Plastids of marine phytoplankton produce bioactive pigments and lipids

Phytoplankton is acknowledged to be a very diverse source of bioactive molecules. These compounds play physiological roles that allow cells to deal with changes of the environmental constrains. For example, the diversity of light harvesting pigments allows efficient photosynthesis at different depths in the seawater column. Identically, lipid composition of cell membranes can vary according to environmental factors. This, together with the heterogenous evolutionary origin of taxa, makes the chemical diversity of phytoplankton compounds much larger than in terrestrial plants. This contribution is dedicated to pigments and lipids synthesized within or from plastids/photosynthetic membranes. It starts with a short review of cyanobacteria and microalgae phylogeny.
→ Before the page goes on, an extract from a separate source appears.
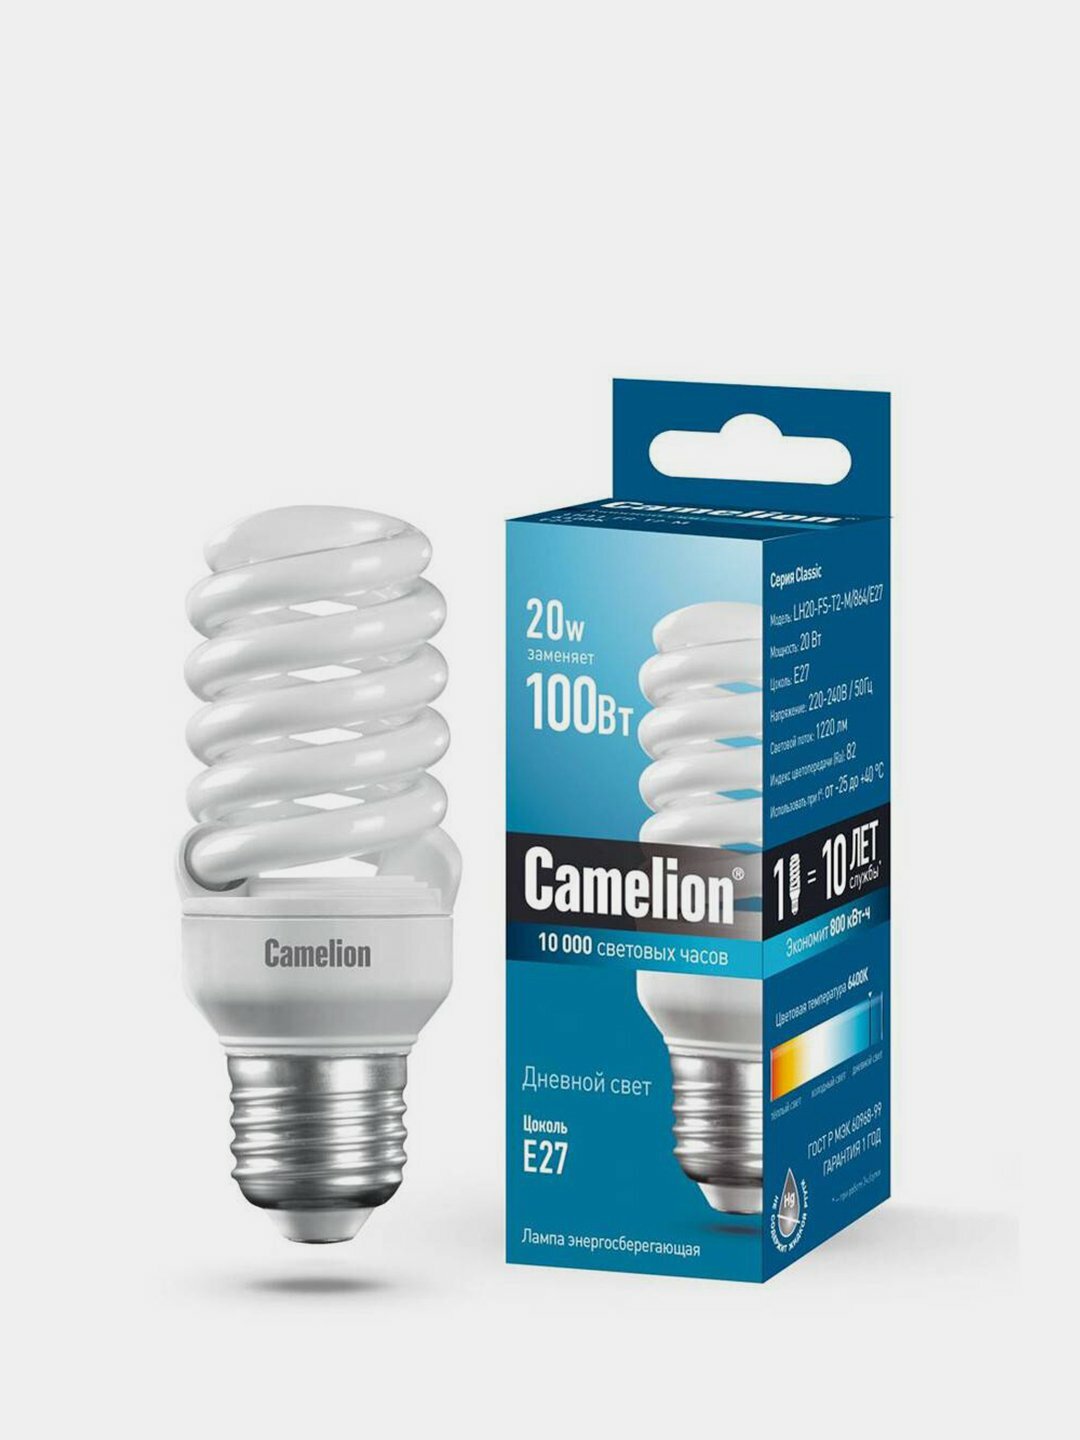 Camelion LH20-FS-T2-M/864/E27, энергосберегающая лампа 20Вт 220В, дневной свет 6400К
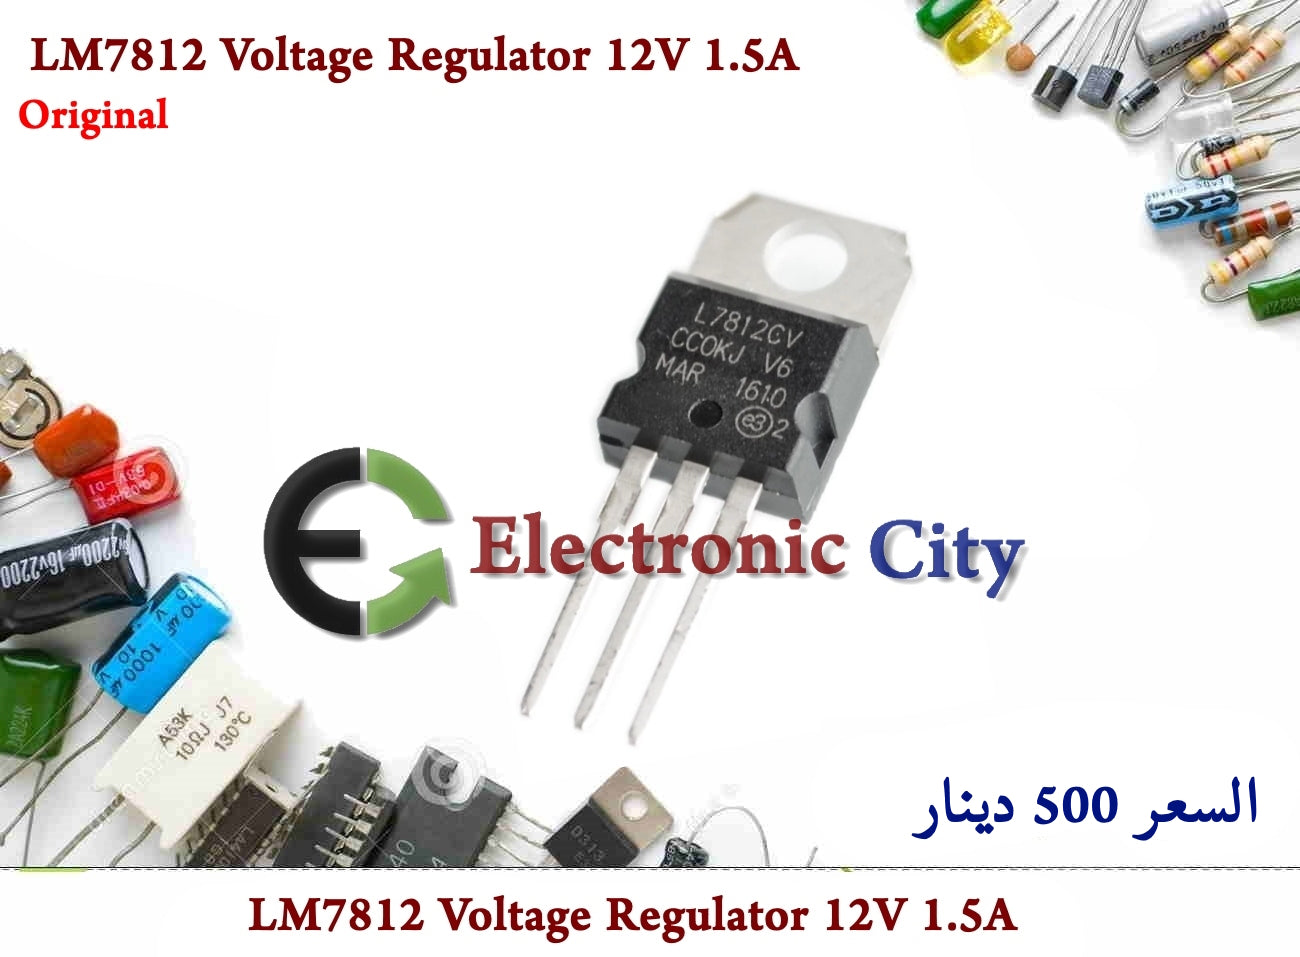 LM7812 Voltage Regulator 12V 1.5A

Then the bioactivity of pigments and lipids (anti-oxidant, anti-inflammatory, anti-mutagenic, anti-cancer, anti-obesity, anti-allergic activities, and cardio- neuro-, hepato- and photoprotective effects), alone or in combination, is detailed. To increase the cellular production of bioactive compounds, specific culture conditions may be applied (e.g., high light intensity, nitrogen starvation). Regardless of the progress made in blue biotechnologies, the production of bioactive compounds is still limited. However, some examples of large scale production are given, and perspectives are suggested in the final section.